• Instructions to follow: Begin with the line that holds "WICKFORD CC - Tek" and retype through the last line of the listing below, exactly; pictures are not part of the copy.

• Source material:
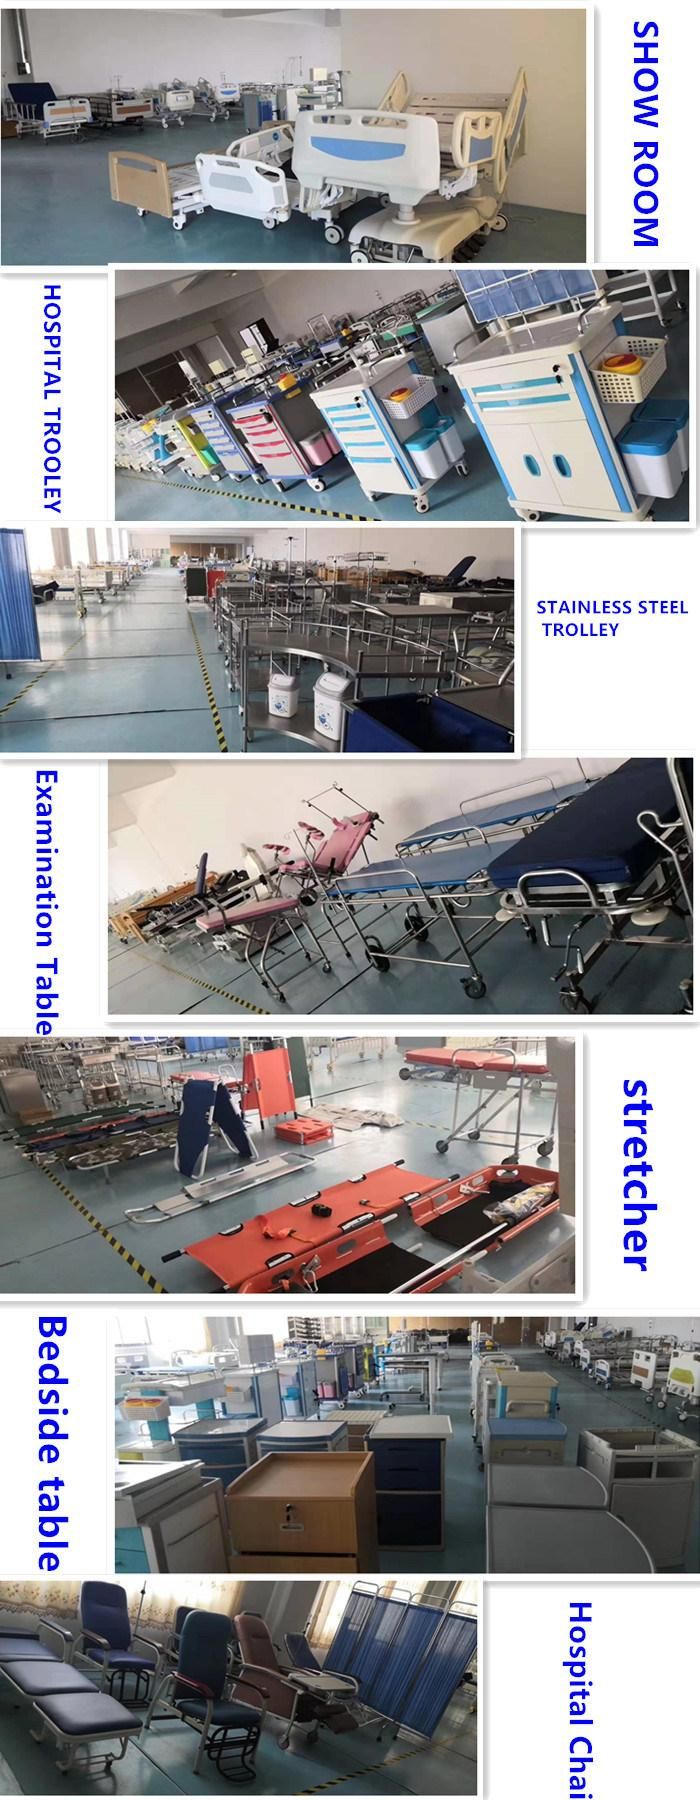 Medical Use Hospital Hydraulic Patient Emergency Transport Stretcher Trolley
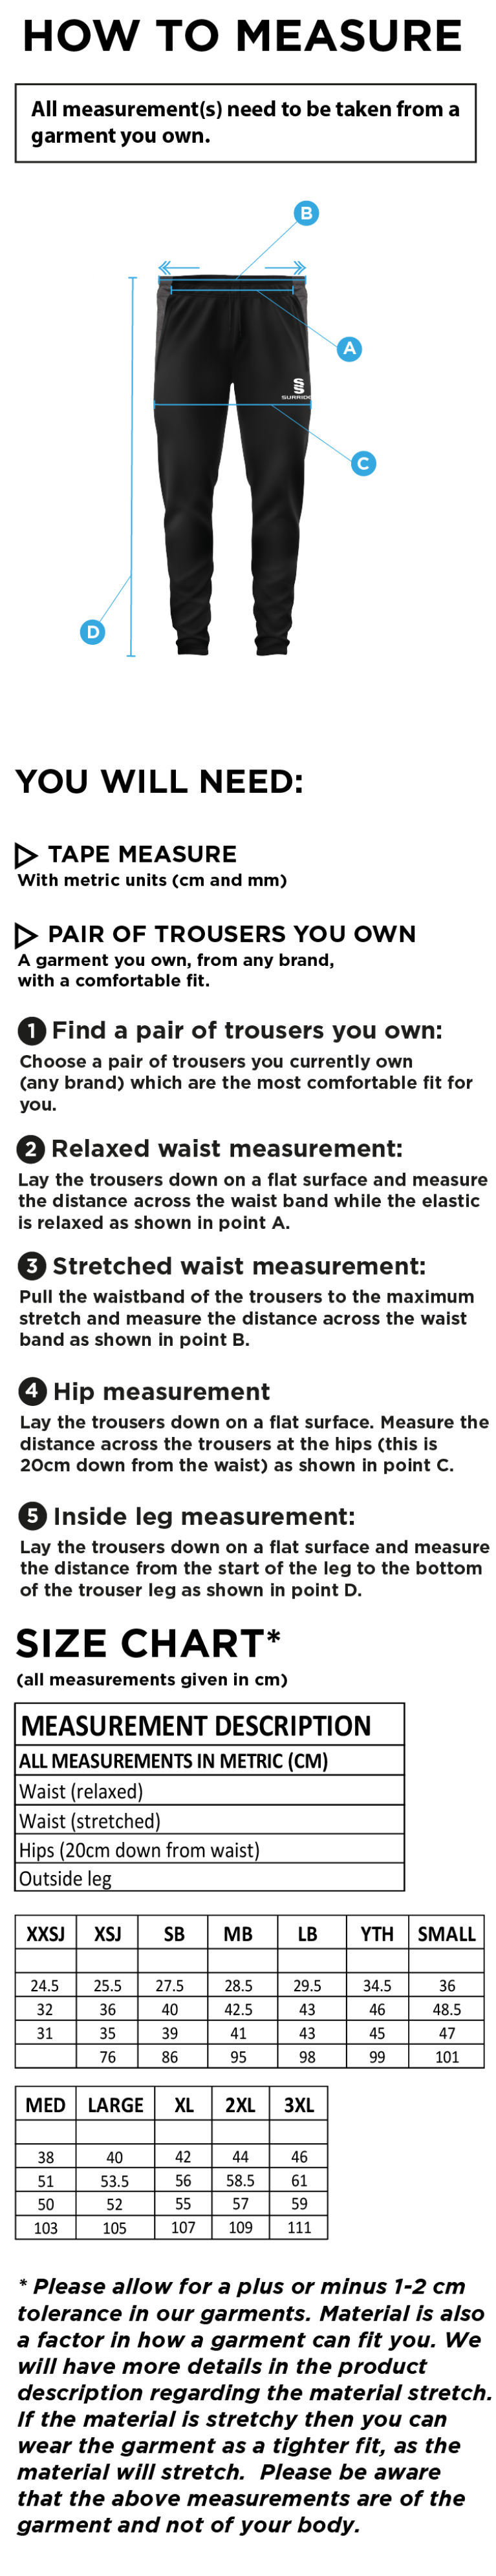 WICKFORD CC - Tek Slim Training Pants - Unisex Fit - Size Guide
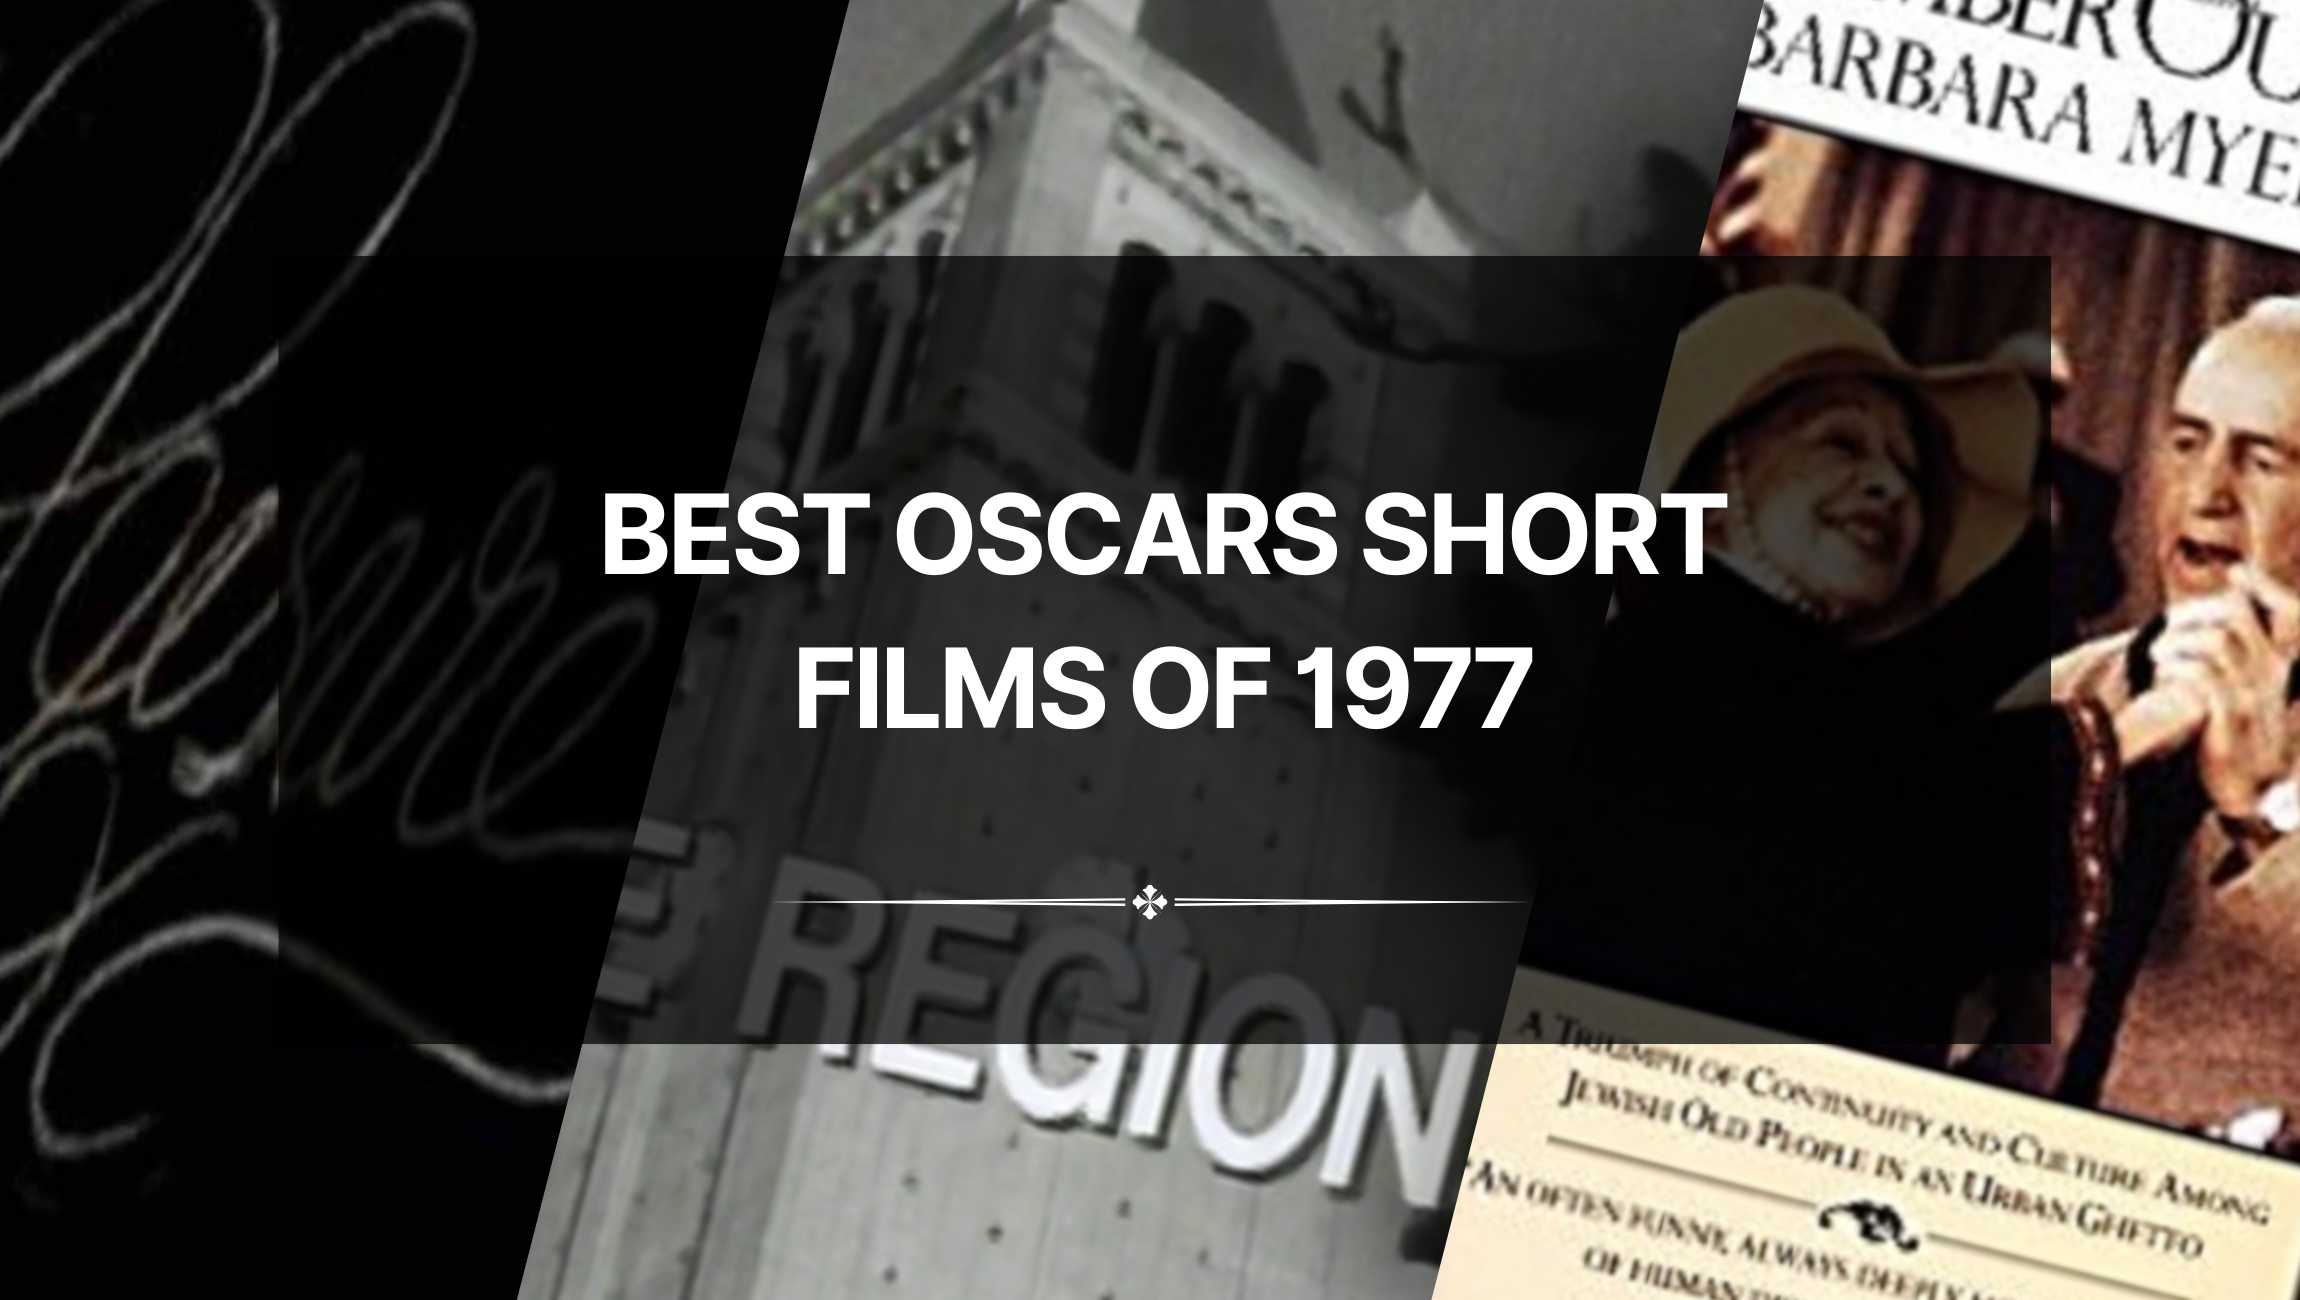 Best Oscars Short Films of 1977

• Written answer:
 WICKFORD CC - Tek Slim Training Pants - Unisex Fit - Size Guide
 Best Oscars Short Films of 1977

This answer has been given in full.